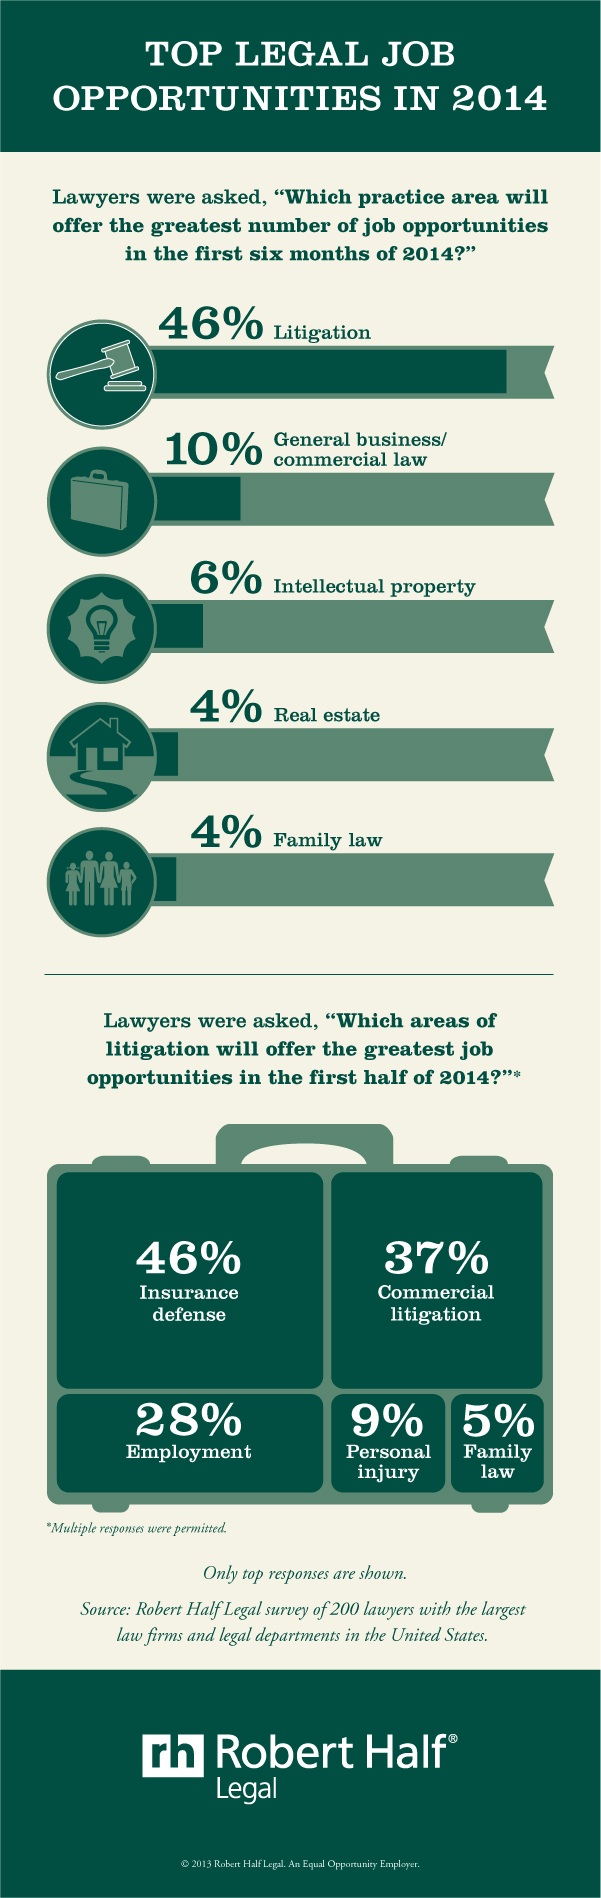 "Top legal job opportunities in 2014" от roberthalf.com
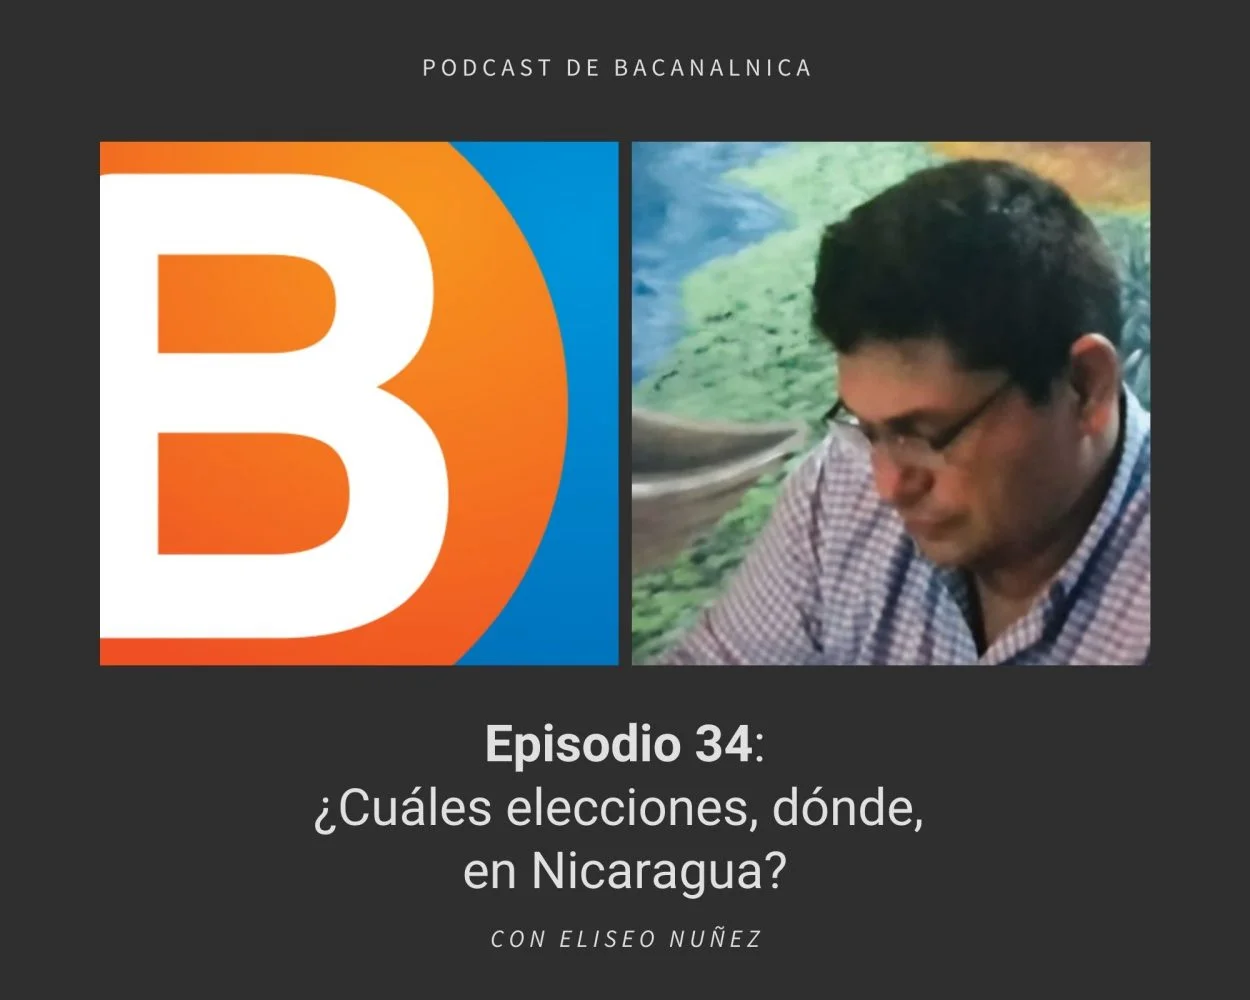 Episodio 34 del podcast de Bacanalnica, con Eliseo Nuñez
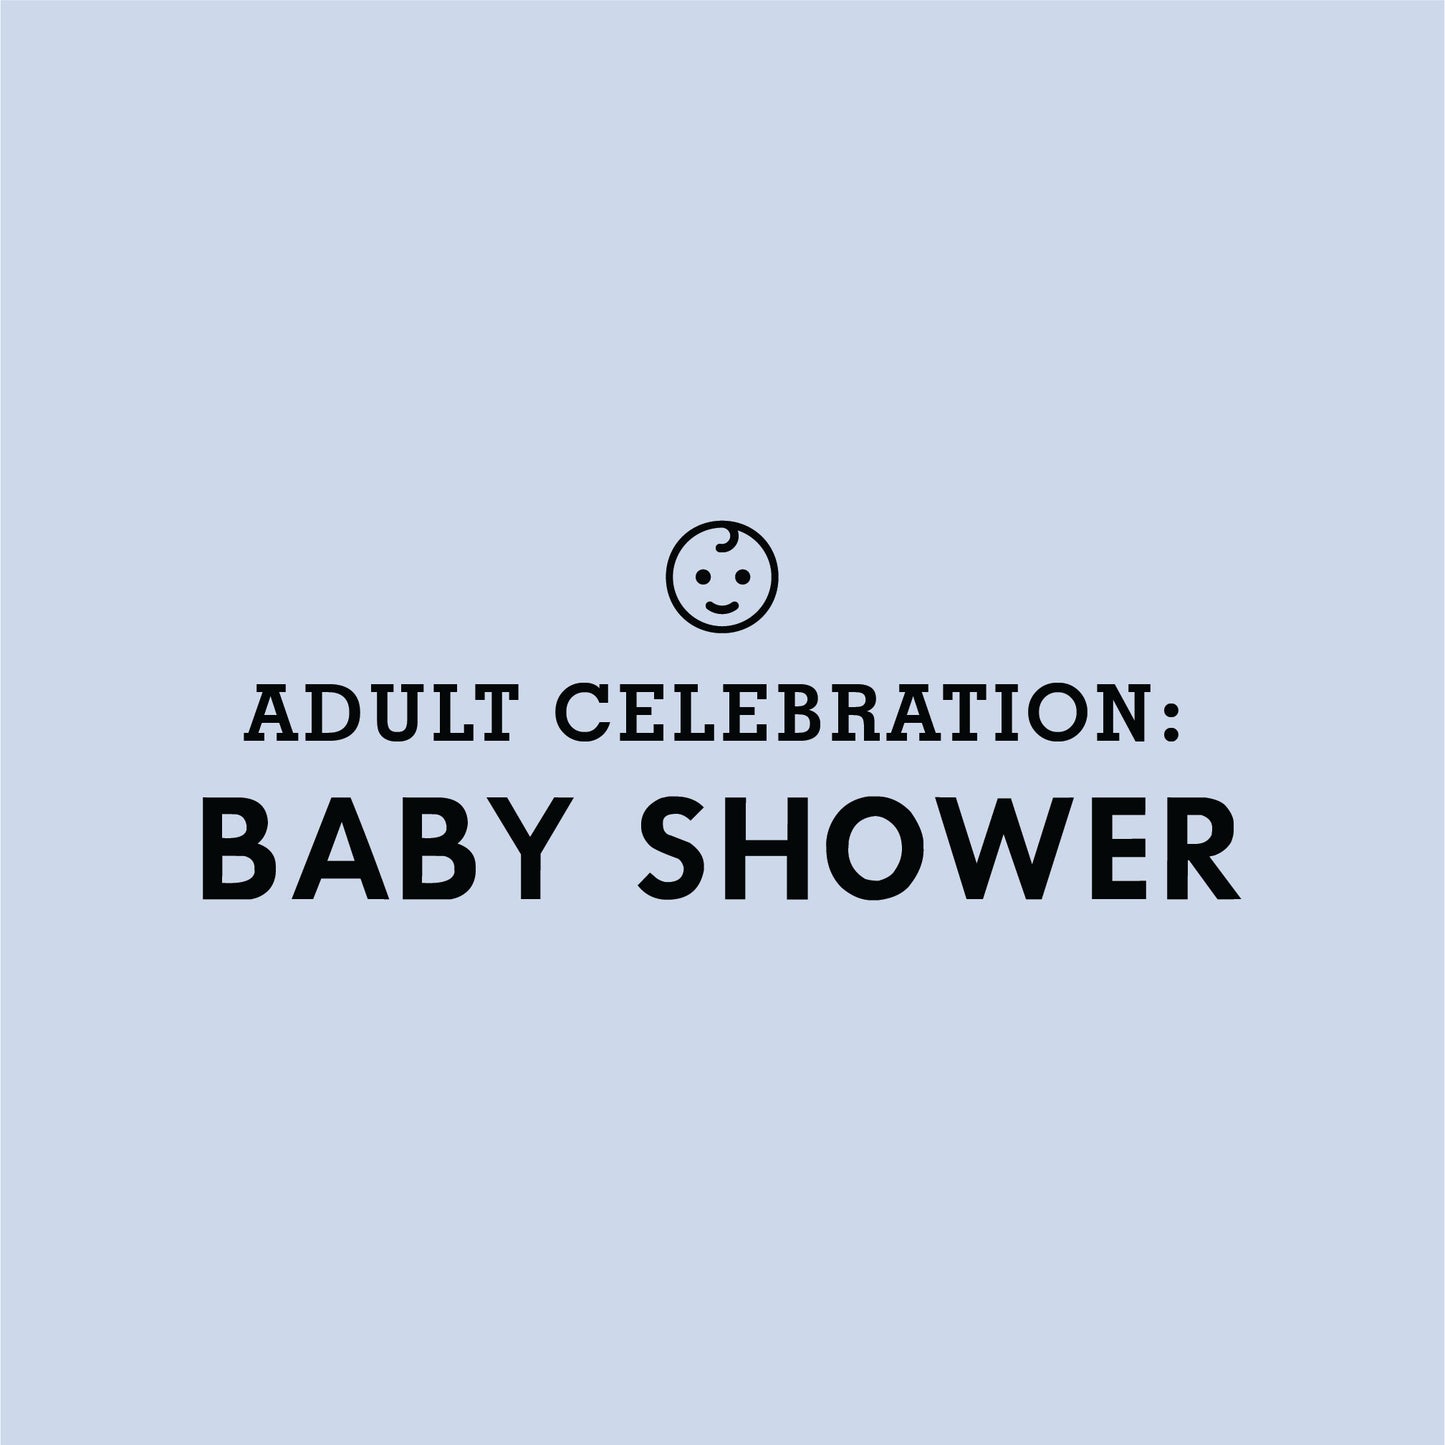 ADULT CELEBRATION: Baby Shower

→ **Exercise directions**:
Where the data contains images, drop them and print the rest exactly.

→ **Exercise output**:
 "Top legal job opportunities in 2014" от roberthalf.com
 Episodio 34 del podcast de Bacanalnica, con Eliseo Nuñez
 ADULT CELEBRATION: Baby Shower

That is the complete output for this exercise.